December 7, 2010 at 09:03 PM ·

My god, you are spending a lot of money on a little fiddle! I thought spending $2000 on the 3/4 was pushing it (which must have been the case--I haven't sold it in over a year--or is it two years...)

 

Are you comfortable with the market for a 1/4 size with that sort of price tag?

December 7, 2010 at 09:12 PM ·

Smiley,

So did you purchase the Kono's fiddle?
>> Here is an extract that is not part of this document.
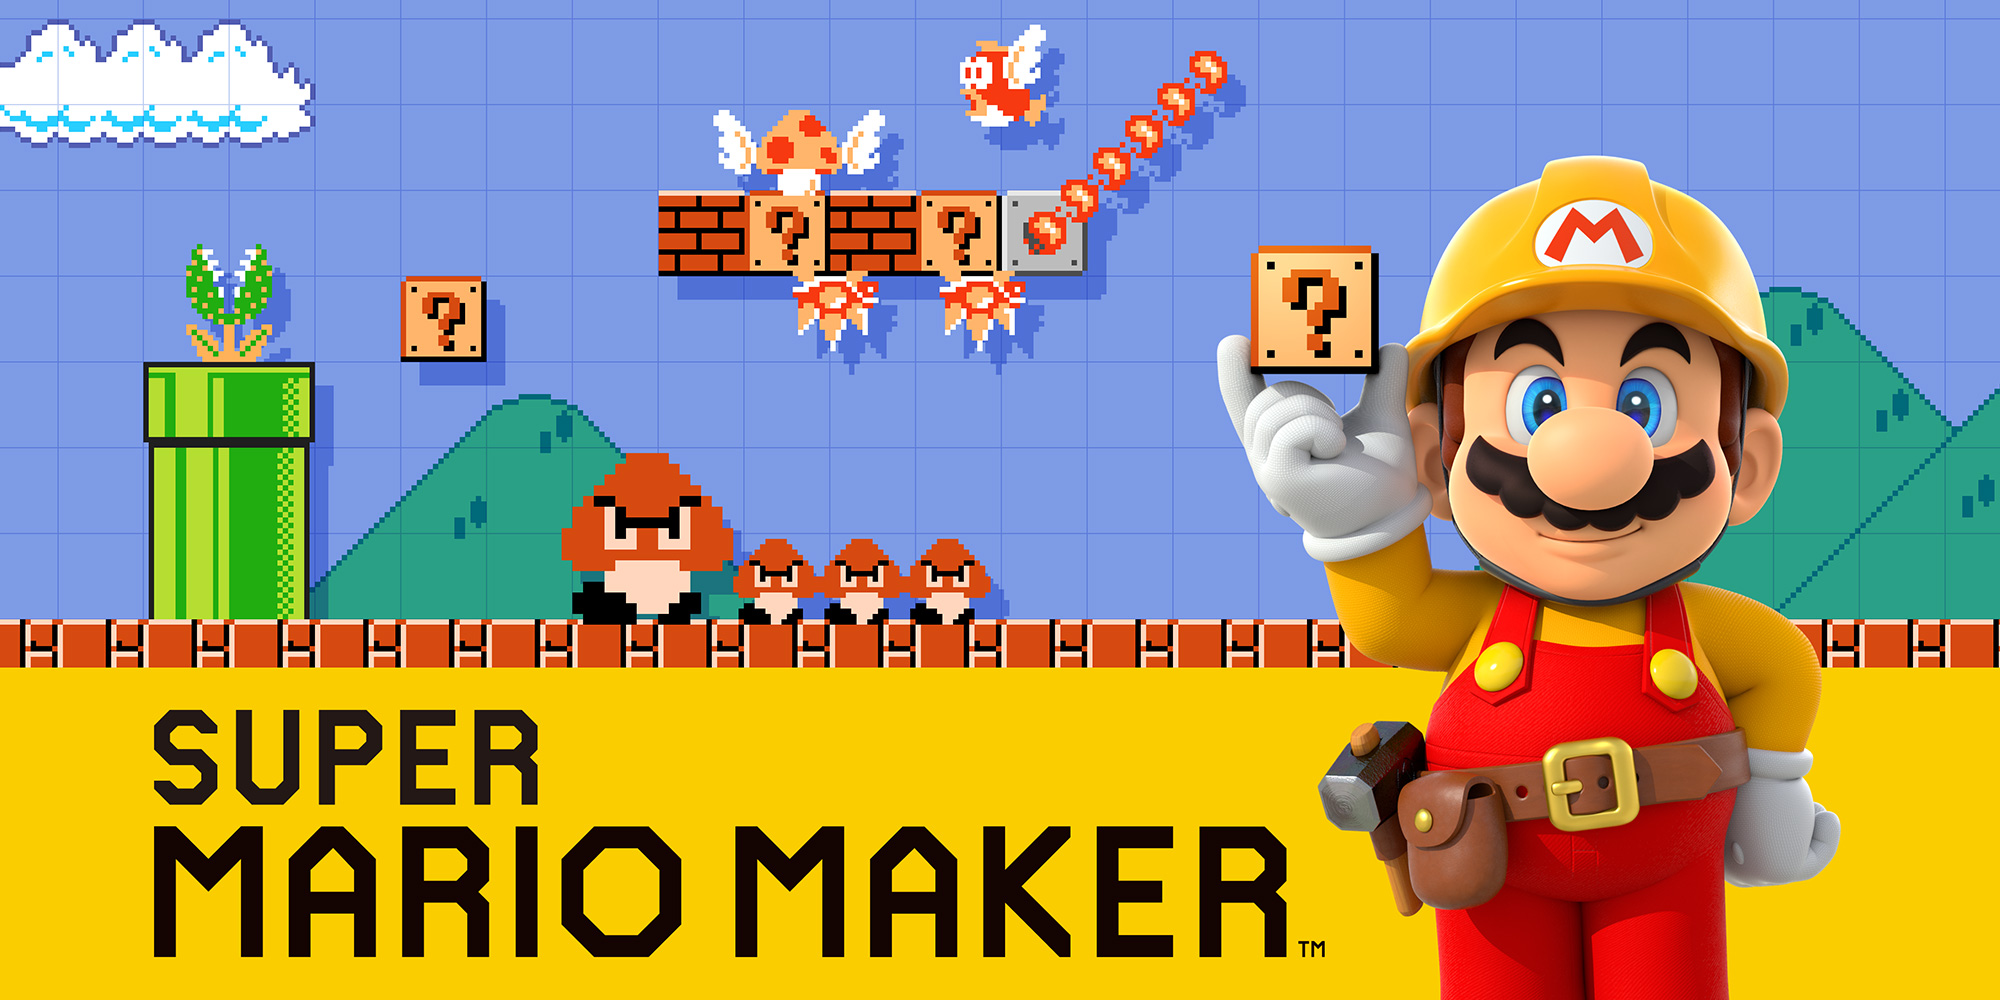 http://cdn02.nintendo-europe.com/media/images/10_share_images/games_15/wiiu_14/SI_WiiU_SuperMarioMaker_v01.jpg

If you did, I would like to know how you selected the matching bow for that small fiddle.  

December 7, 2010 at 11:45 PM ·

I am working through Steve Kanack at TheStringHouse.com.  They offer 100% trade in policy.  As long as my son keeps playing violin, and I keep trading up, I am basically getting free use of the fiddle.  The trade in policy at the local shop is a joke so that is why I am working with an out of state shop.

Regarding the price, one fiddle was a Mittenwald, made in 1880.  That was the fiddle priced at $2000.  It was not even close to the Kono in tone or projection.  The Kono was on the cheaper end of the price range.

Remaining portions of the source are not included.